There is considerable current interest in finding methods to improve the diagnostic accuracy of mammographic interpretation. We are studying one approach, in which the radiologist is presented with mammograms from past cases that the computer concludes are relevant to the case being evaluated, in effect providing an online atlas of images with known pathology. To make such an approach useful, it is important to define “relevance” of the images in an effective way. We were the first to propose the use of machine learning techniques to learn the concept of relevance directly from radiologists, in the form of similarity scores. We have shown that such an approach can yield to image retrieval results that closely match the preferences of the user.
An important component of today’s computer-aided diagnosis (CAD) toolkit is the ability to automatically detect clustered microcalcifications in digital mammograms. We have developed two modern machine-learning methods for calc detection—based on the relevance vector machine (RVM) and support vector machine (SVM)—which significantly outperform other techniques. This demonstrates that there is still a great deal of performance to be gained in CAD by introducing modern tools from statistical learning theory.

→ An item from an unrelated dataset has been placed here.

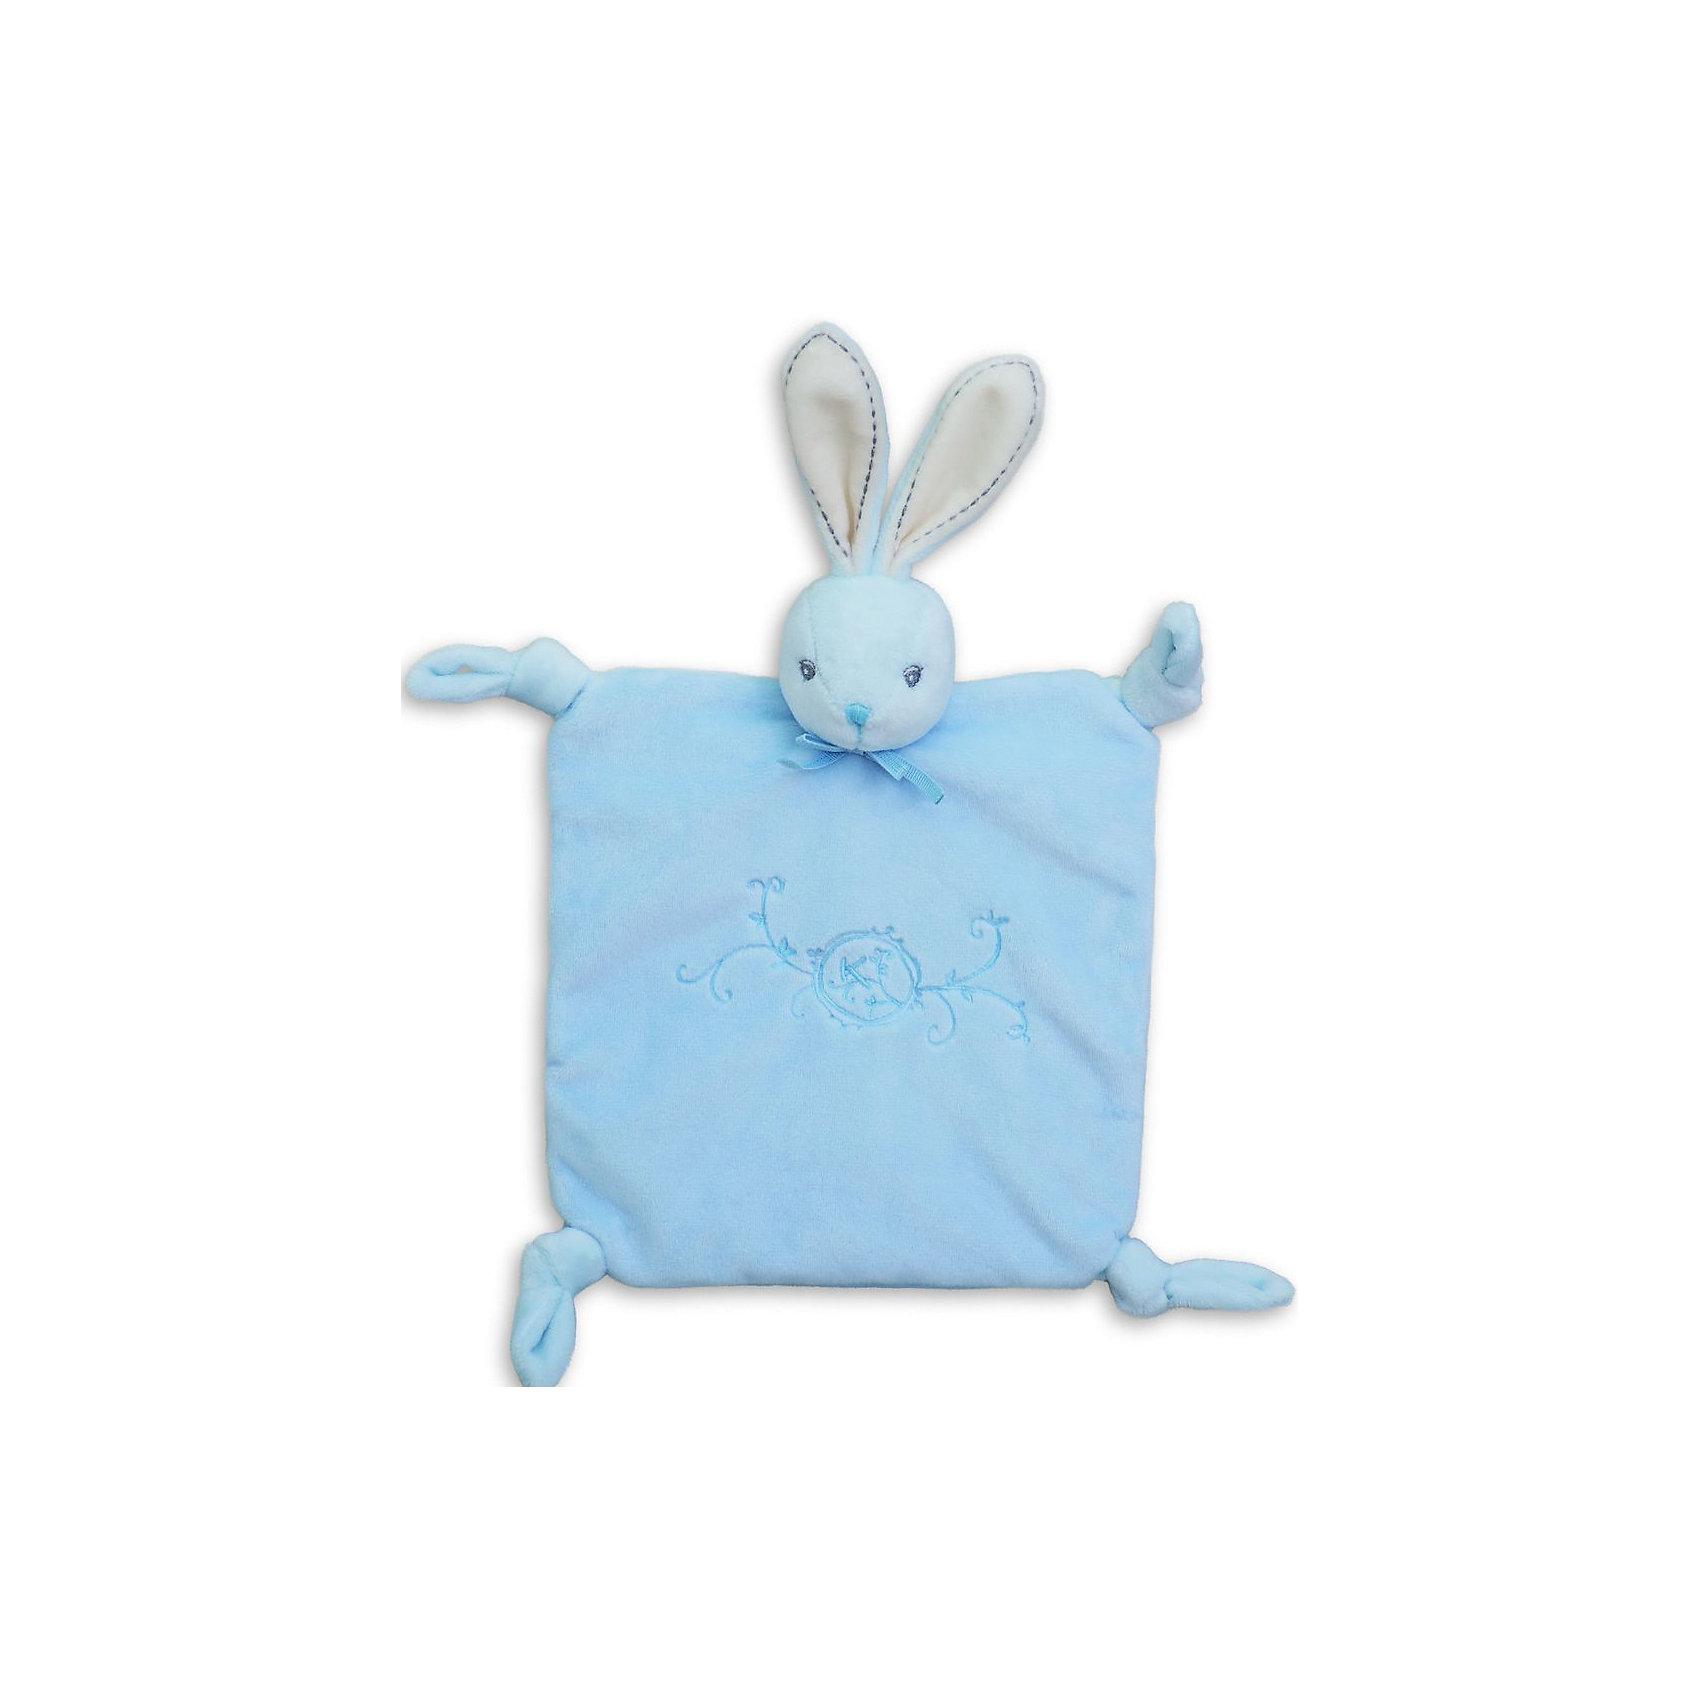 Заяц комфортер с узелками голубой, коллекция Жемчуг, KalooКомфортеры<br>Мягкая игрушка-комфортер зайчонок Kaloo выполнена в уникальном стиле, позволит малышу сладко и комфортно уснуть, и станет защитником от плохих сновидений и детских страхов.<br>Зайчонок сделан из мягкой ткани, она приятна при прикосновении к телу, ребенку будет приятно держать ее в руках, и прижимать к себе.<br><br>Дополнительная информация:<br><br>-Материал: ткань, искусственный мех<br>-Размер игрушки: 20х20 см<br>-Вес: 0.3 кг<br>-Размер упаковки: диаметр 18.5 см<br><br>Зайца комфортер с узелками голубого цвета, коллекции Жемчуг, Kaloo можно купить в нашем интернет-магазине.<br><br>Ширина мм: 208<br>Глубина мм: 18<br>Высота мм: 280<br>Вес г: 400<br>Возраст от месяцев: 0<br>Возраст до месяцев: 1188<br>Пол: Унисекс<br>Возраст: Детский<br>SKU: 4862337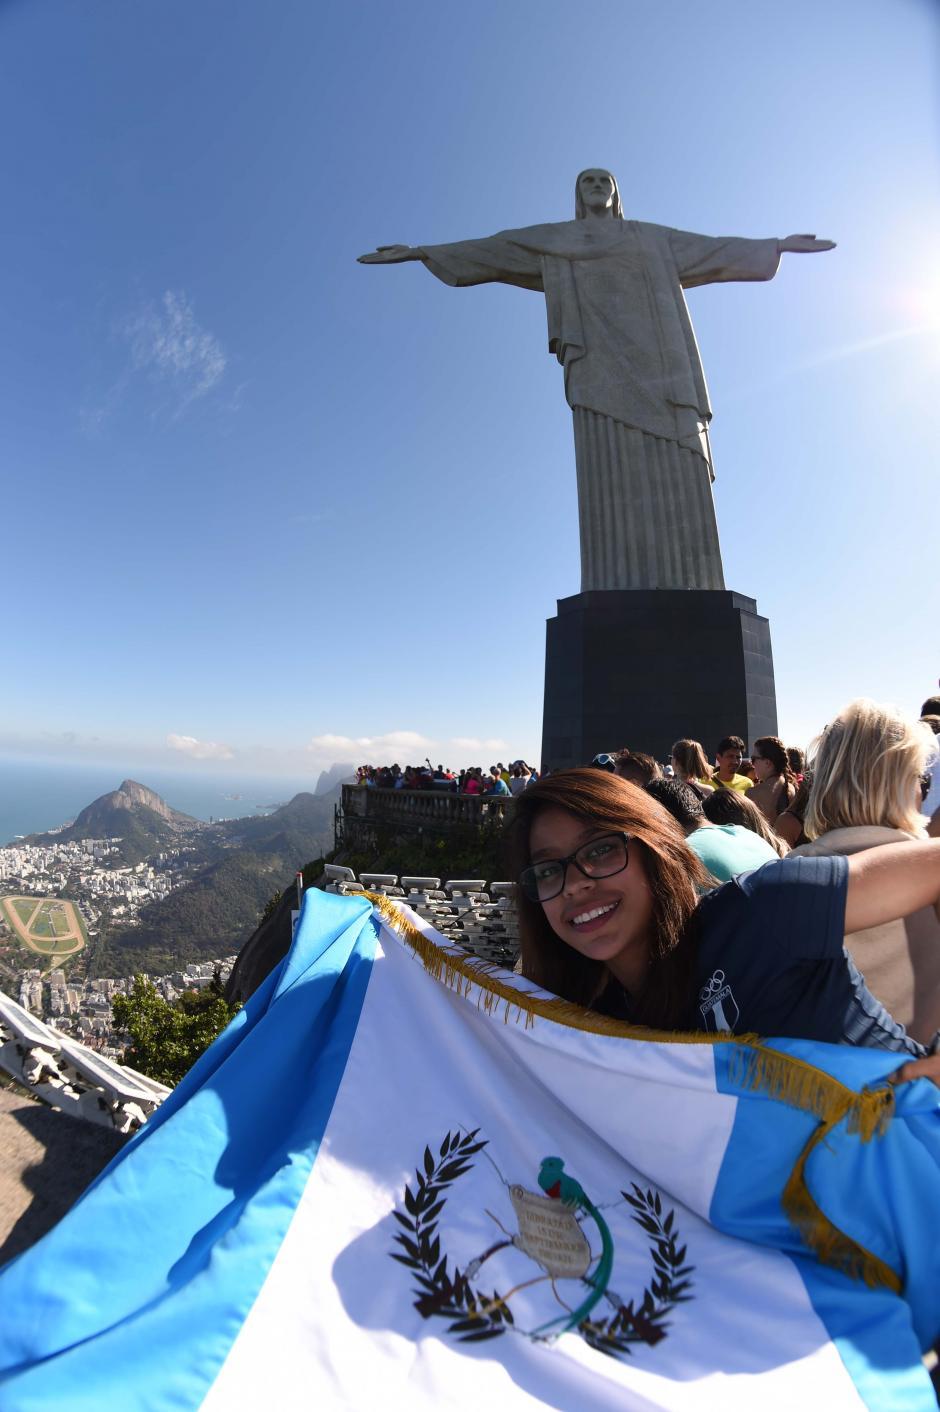 La bandera de Guatemala ondeó en lo más alto del cerro del Corcovado en Río de Janeiro. (Foto: Aldo Martínez/Enviado especial de Nuestro Diario)

It is now widely accepted that the most appropriate way to judge image quality is to measure the ability of an image to serve its intended purpose. Toward this end, the channelized Hotelling observer (CHO) has been widely used to model human observer performance in medical lesion-detection tasks. We have developed an alternative approach, based on machine learning, in which we specifically aim to learn the human-observer model from actual data reported by humans in response to images presented to them. Specifically, we have found that support vector machines can significantly outperform the CHO in correctly modeling human observer performance. This work is sponsored by NIH/NHLBI.